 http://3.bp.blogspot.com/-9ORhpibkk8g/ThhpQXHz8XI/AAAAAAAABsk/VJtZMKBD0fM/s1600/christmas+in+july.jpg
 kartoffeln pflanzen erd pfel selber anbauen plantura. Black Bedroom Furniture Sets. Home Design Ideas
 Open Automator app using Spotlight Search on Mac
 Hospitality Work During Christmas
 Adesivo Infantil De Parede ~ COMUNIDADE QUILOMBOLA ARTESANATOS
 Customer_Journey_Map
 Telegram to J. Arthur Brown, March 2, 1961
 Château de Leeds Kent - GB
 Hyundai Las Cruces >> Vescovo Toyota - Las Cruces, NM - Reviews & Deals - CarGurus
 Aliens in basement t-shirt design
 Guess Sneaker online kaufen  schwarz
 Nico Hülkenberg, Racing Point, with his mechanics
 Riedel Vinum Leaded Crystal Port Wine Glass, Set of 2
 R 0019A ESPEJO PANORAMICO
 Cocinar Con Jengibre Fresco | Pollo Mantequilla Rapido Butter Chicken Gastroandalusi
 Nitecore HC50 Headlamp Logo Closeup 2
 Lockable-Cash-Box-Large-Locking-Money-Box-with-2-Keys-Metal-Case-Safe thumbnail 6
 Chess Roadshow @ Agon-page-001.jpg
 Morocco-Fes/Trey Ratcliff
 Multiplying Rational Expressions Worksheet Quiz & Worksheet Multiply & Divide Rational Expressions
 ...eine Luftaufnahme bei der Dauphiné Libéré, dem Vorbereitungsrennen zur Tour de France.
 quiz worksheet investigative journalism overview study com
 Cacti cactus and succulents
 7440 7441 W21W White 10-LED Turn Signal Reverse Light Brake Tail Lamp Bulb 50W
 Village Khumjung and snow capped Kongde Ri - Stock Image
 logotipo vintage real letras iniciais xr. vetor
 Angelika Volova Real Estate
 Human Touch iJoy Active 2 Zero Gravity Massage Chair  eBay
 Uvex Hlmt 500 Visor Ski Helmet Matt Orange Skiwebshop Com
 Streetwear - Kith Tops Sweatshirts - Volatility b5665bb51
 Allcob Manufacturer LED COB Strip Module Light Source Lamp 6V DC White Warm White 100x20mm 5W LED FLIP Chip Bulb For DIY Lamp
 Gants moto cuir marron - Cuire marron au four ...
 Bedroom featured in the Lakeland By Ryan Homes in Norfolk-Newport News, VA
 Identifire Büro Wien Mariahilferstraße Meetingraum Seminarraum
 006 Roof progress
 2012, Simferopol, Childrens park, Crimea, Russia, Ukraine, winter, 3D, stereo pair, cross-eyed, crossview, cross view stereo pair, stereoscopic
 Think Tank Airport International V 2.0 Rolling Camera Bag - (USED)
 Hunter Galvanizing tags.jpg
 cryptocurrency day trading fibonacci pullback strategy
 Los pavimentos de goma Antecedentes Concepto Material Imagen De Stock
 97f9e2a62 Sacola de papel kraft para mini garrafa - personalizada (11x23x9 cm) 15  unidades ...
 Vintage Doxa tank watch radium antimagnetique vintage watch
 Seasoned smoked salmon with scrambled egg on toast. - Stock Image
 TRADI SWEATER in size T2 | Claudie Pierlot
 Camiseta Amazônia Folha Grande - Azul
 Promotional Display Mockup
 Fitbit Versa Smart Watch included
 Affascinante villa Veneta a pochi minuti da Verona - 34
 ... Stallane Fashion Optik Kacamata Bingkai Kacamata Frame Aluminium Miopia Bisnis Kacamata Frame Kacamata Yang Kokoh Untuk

######

HOW TO COMPLETE THIS TASK: What is needed is a verbatim copy of the data, complete from first line to last.

SOLUTION TO THIS EXERCISE:
 http://3.bp.blogspot.com/-9ORhpibkk8g/ThhpQXHz8XI/AAAAAAAABsk/VJtZMKBD0fM/s1600/christmas+in+july.jpg
 kartoffeln pflanzen erd pfel selber anbauen plantura. Black Bedroom Furniture Sets. Home Design Ideas
 Open Automator app using Spotlight Search on Mac
 Hospitality Work During Christmas
 Adesivo Infantil De Parede ~ COMUNIDADE QUILOMBOLA ARTESANATOS
 Customer_Journey_Map
 Telegram to J. Arthur Brown, March 2, 1961
 Château de Leeds Kent - GB
 Hyundai Las Cruces >> Vescovo Toyota - Las Cruces, NM - Reviews & Deals - CarGurus
 Aliens in basement t-shirt design
 Guess Sneaker online kaufen  schwarz
 Nico Hülkenberg, Racing Point, with his mechanics
 Riedel Vinum Leaded Crystal Port Wine Glass, Set of 2
 R 0019A ESPEJO PANORAMICO
 Cocinar Con Jengibre Fresco | Pollo Mantequilla Rapido Butter Chicken Gastroandalusi
 Nitecore HC50 Headlamp Logo Closeup 2
 Lockable-Cash-Box-Large-Locking-Money-Box-with-2-Keys-Metal-Case-Safe thumbnail 6
 Chess Roadshow @ Agon-page-001.jpg
 Morocco-Fes/Trey Ratcliff
 Multiplying Rational Expressions Worksheet Quiz & Worksheet Multiply & Divide Rational Expressions
 ...eine Luftaufnahme bei der Dauphiné Libéré, dem Vorbereitungsrennen zur Tour de France.
 quiz worksheet investigative journalism overview study com
 Cacti cactus and succulents
 7440 7441 W21W White 10-LED Turn Signal Reverse Light Brake Tail Lamp Bulb 50W
 Village Khumjung and snow capped Kongde Ri - Stock Image
 logotipo vintage real letras iniciais xr. vetor
 Angelika Volova Real Estate
 Human Touch iJoy Active 2 Zero Gravity Massage Chair  eBay
 Uvex Hlmt 500 Visor Ski Helmet Matt Orange Skiwebshop Com
 Streetwear - Kith Tops Sweatshirts - Volatility b5665bb51
 Allcob Manufacturer LED COB Strip Module Light Source Lamp 6V DC White Warm White 100x20mm 5W LED FLIP Chip Bulb For DIY Lamp
 Gants moto cuir marron - Cuire marron au four ...
 Bedroom featured in the Lakeland By Ryan Homes in Norfolk-Newport News, VA
 Identifire Büro Wien Mariahilferstraße Meetingraum Seminarraum
 006 Roof progress
 2012, Simferopol, Childrens park, Crimea, Russia, Ukraine, winter, 3D, stereo pair, cross-eyed, crossview, cross view stereo pair, stereoscopic
 Think Tank Airport International V 2.0 Rolling Camera Bag - (USED)
 Hunter Galvanizing tags.jpg
 cryptocurrency day trading fibonacci pullback strategy
 Los pavimentos de goma Antecedentes Concepto Material Imagen De Stock
 97f9e2a62 Sacola de papel kraft para mini garrafa - personalizada (11x23x9 cm) 15  unidades ...
 Vintage Doxa tank watch radium antimagnetique vintage watch
 Seasoned smoked salmon with scrambled egg on toast. - Stock Image
 TRADI SWEATER in size T2 | Claudie Pierlot
 Camiseta Amazônia Folha Grande - Azul
 Promotional Display Mockup
 Fitbit Versa Smart Watch included
 Affascinante villa Veneta a pochi minuti da Verona - 34
 ... Stallane Fashion Optik Kacamata Bingkai Kacamata Frame Aluminium Miopia Bisnis Kacamata Frame Kacamata Yang Kokoh Untuk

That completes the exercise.